Ways and Means Chairman Morse Arberry, D-Las Vegas, said he agreed with Giunchigliani and would oppose the switch despite agreeing the triage center is needed. He agreed with Giunchigliani that there have been legal questions for years about how far the interim finance committee can go in modifying legislatively approved budgets and this issue might cross that line.

Several senators including Majority Leader Bill Raggio, R-Reno, and Sen. Bob Coffin, D-Las Vegas, said they would support the swap proposed by the governor. Coffin said the need for the triage center is so critical it must receive some support.

But a majority of the Assembly members opposed the proposal and it died.

In other business interim finance committee members:

n Accepted $4.78 million in federal money to build the new state emergency operations center.

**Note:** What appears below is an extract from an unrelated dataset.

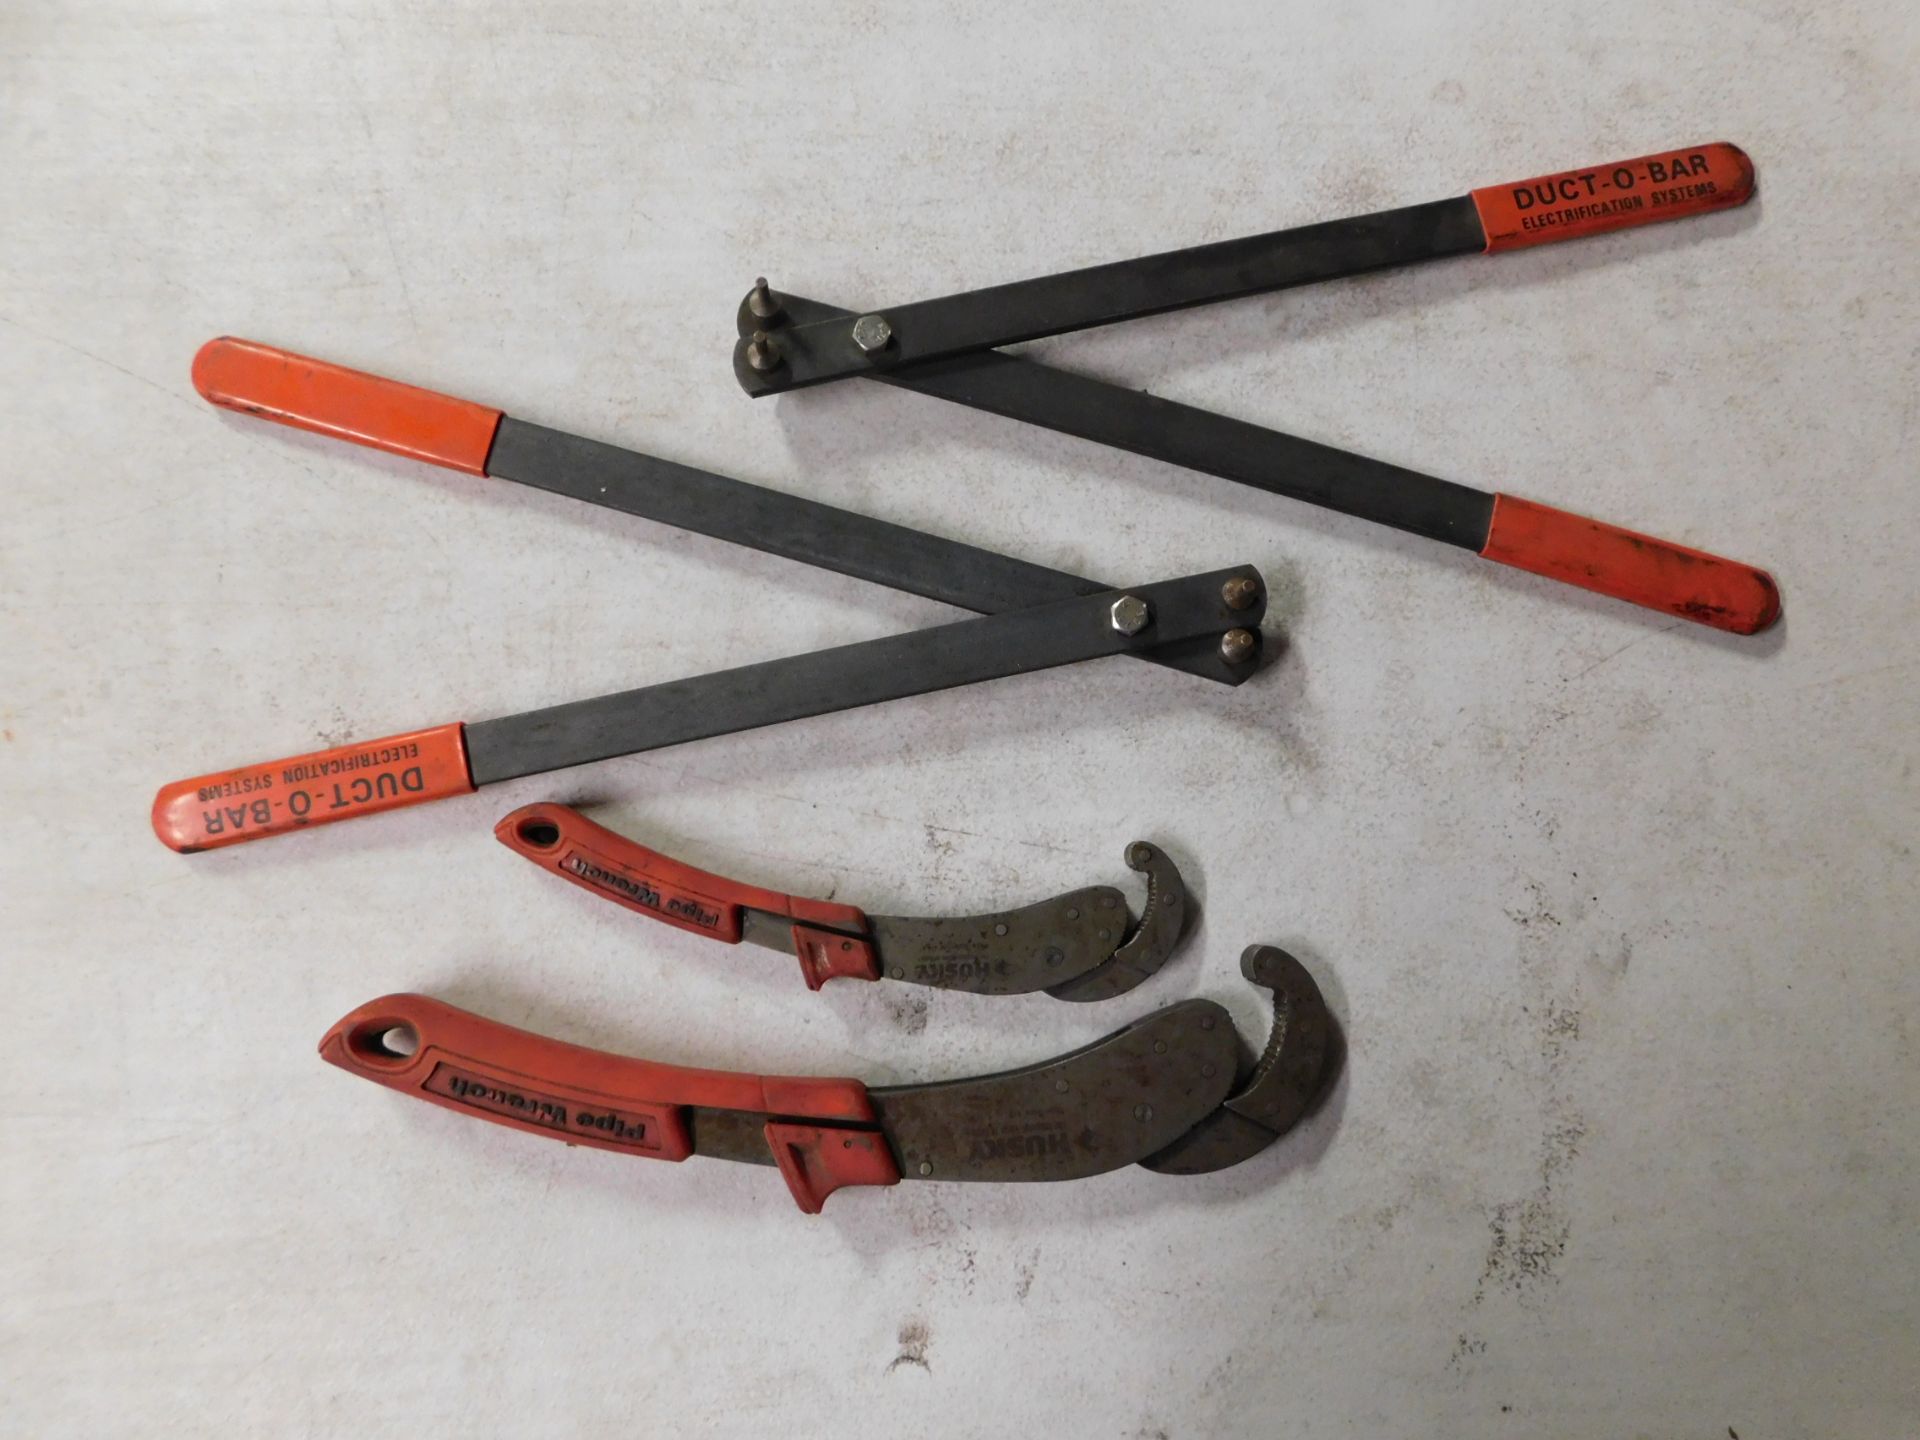 Duct-O-Bar Connector Tools & (2) Husky Pipe Wrenches
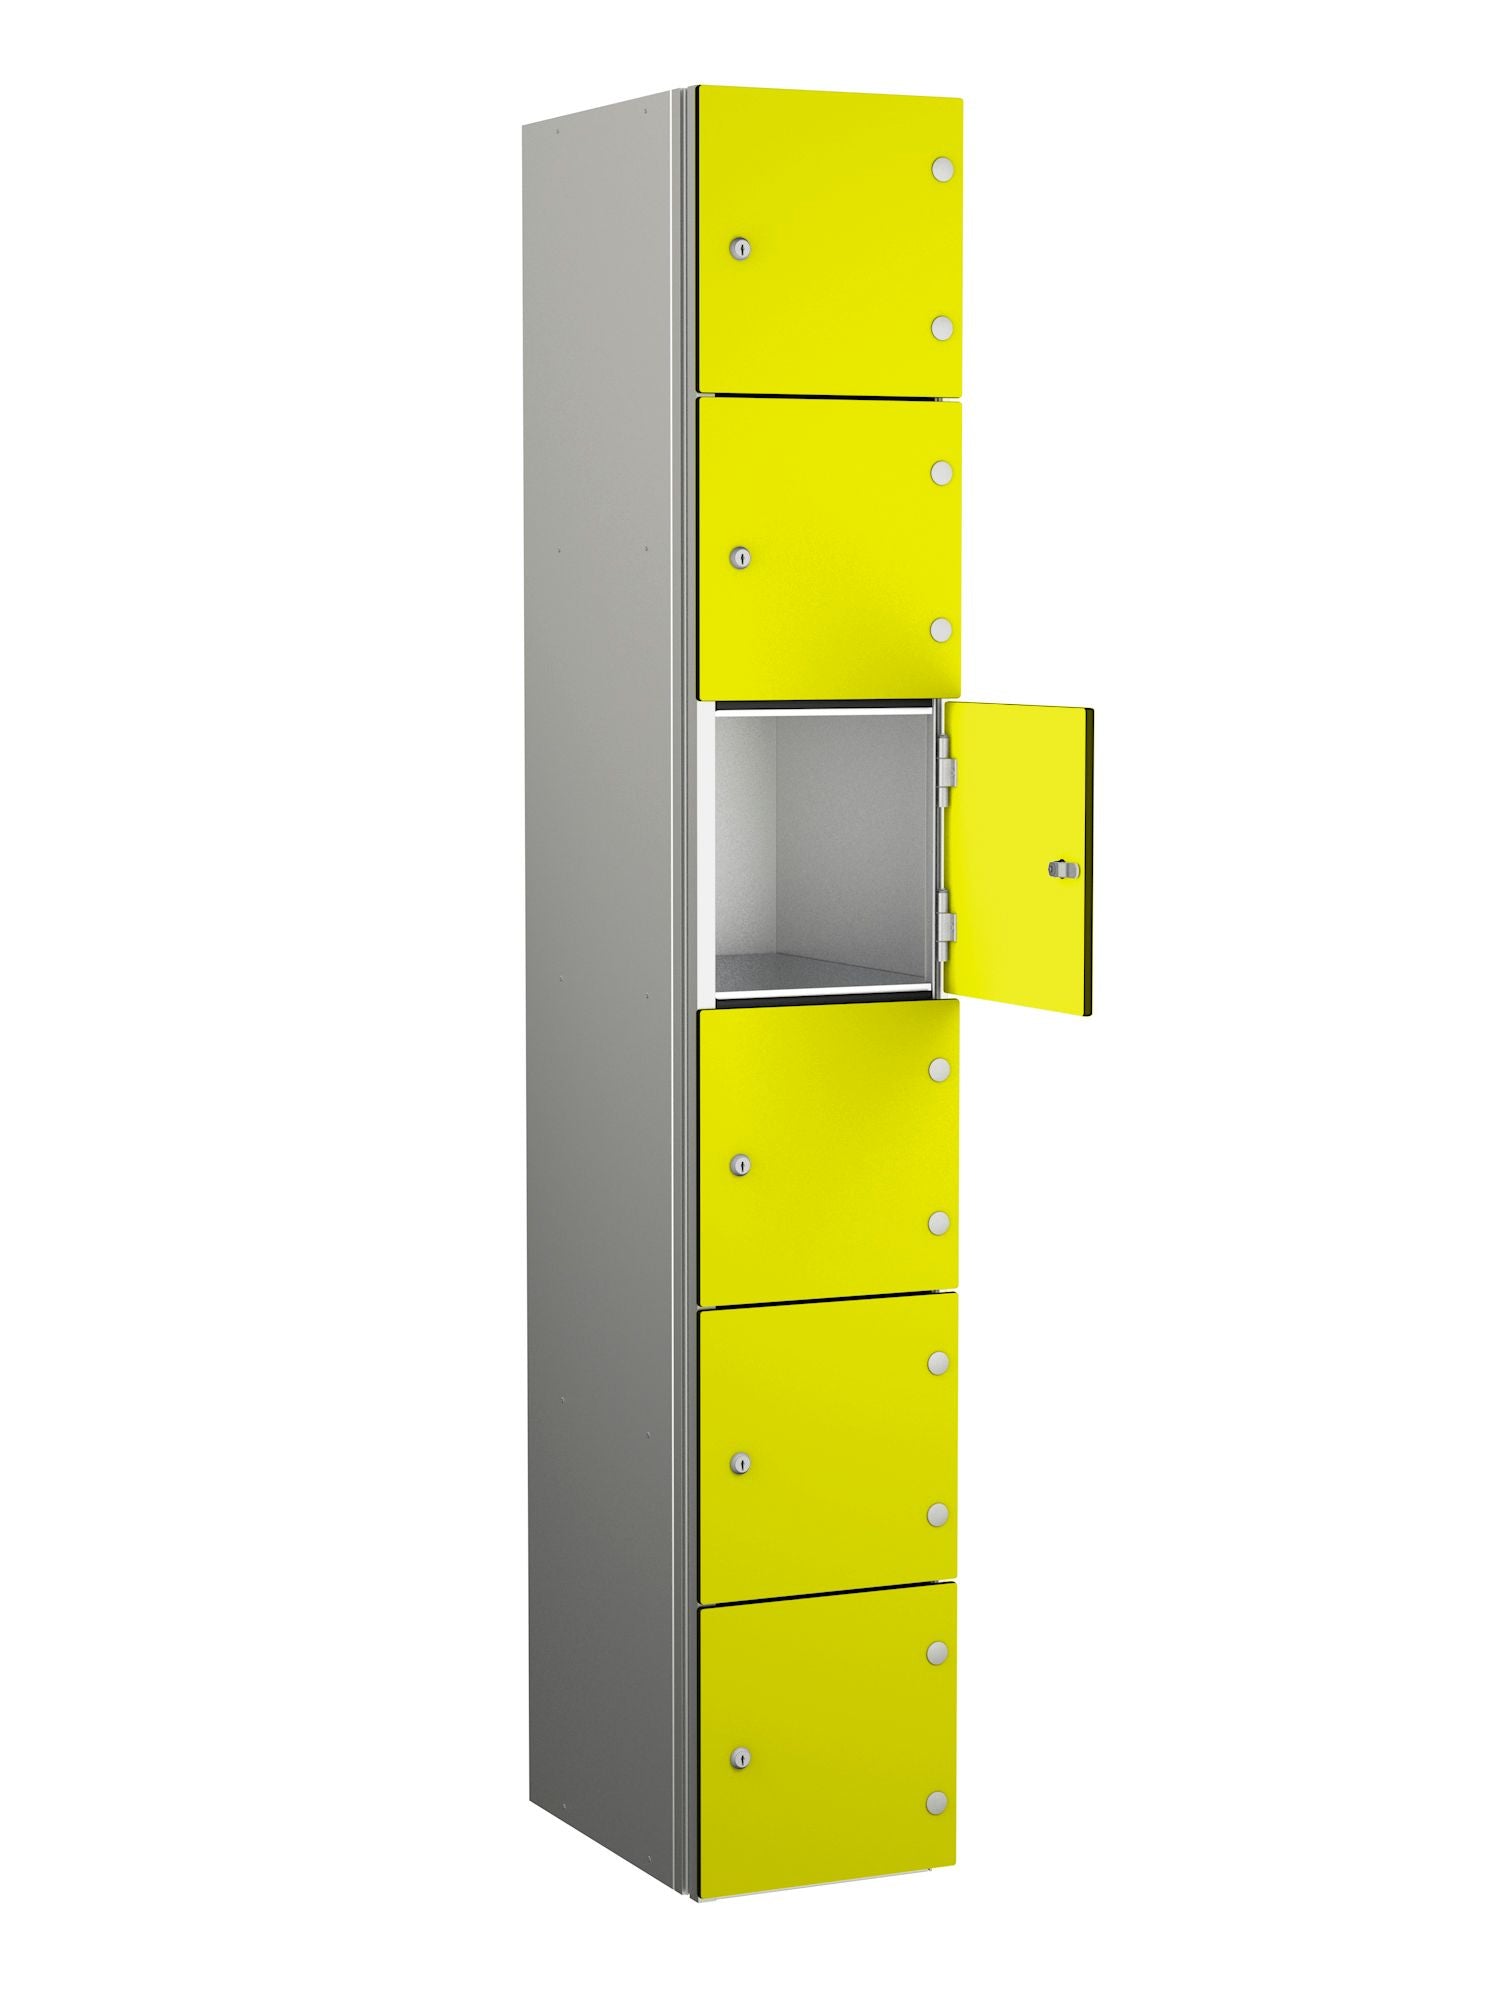 ZENBOX WET AREA LOCKERS WITH SGL DOORS - LIME YELLOW 6 DOOR Storage Lockers > Lockers > Cabinets > Storage > Probe > One Stop For Safety

Lawmakers served notice they want a detailed explanation of how the space in the new building will be used before approving more than the minimum $1.6 million in state funding for the project.

n Approved $100,000 from the state's Emergency Assistance Account to help Lincoln County pay costs of the June 2002 fire which nearly destroyed Pioche. They were told the county has no ending fund balance and no way of paying for the fire's costs itself.

n Approved a $1.4 million-a-year contract with The Grow Network to report test scores required under the federal No Child Left Behind to districts, schools, teachers and parents of students being tested. The company will also provide help improving student academic achievement including curriculum improvements.

n Added $140,000 to the court battle over problems with construction of the UNLV Lied Library. State officials are fighting with contractors over what they say are serious deficiencies in the construction of the building. This cash infusion brings the total cost of the litigation so far to $608,000.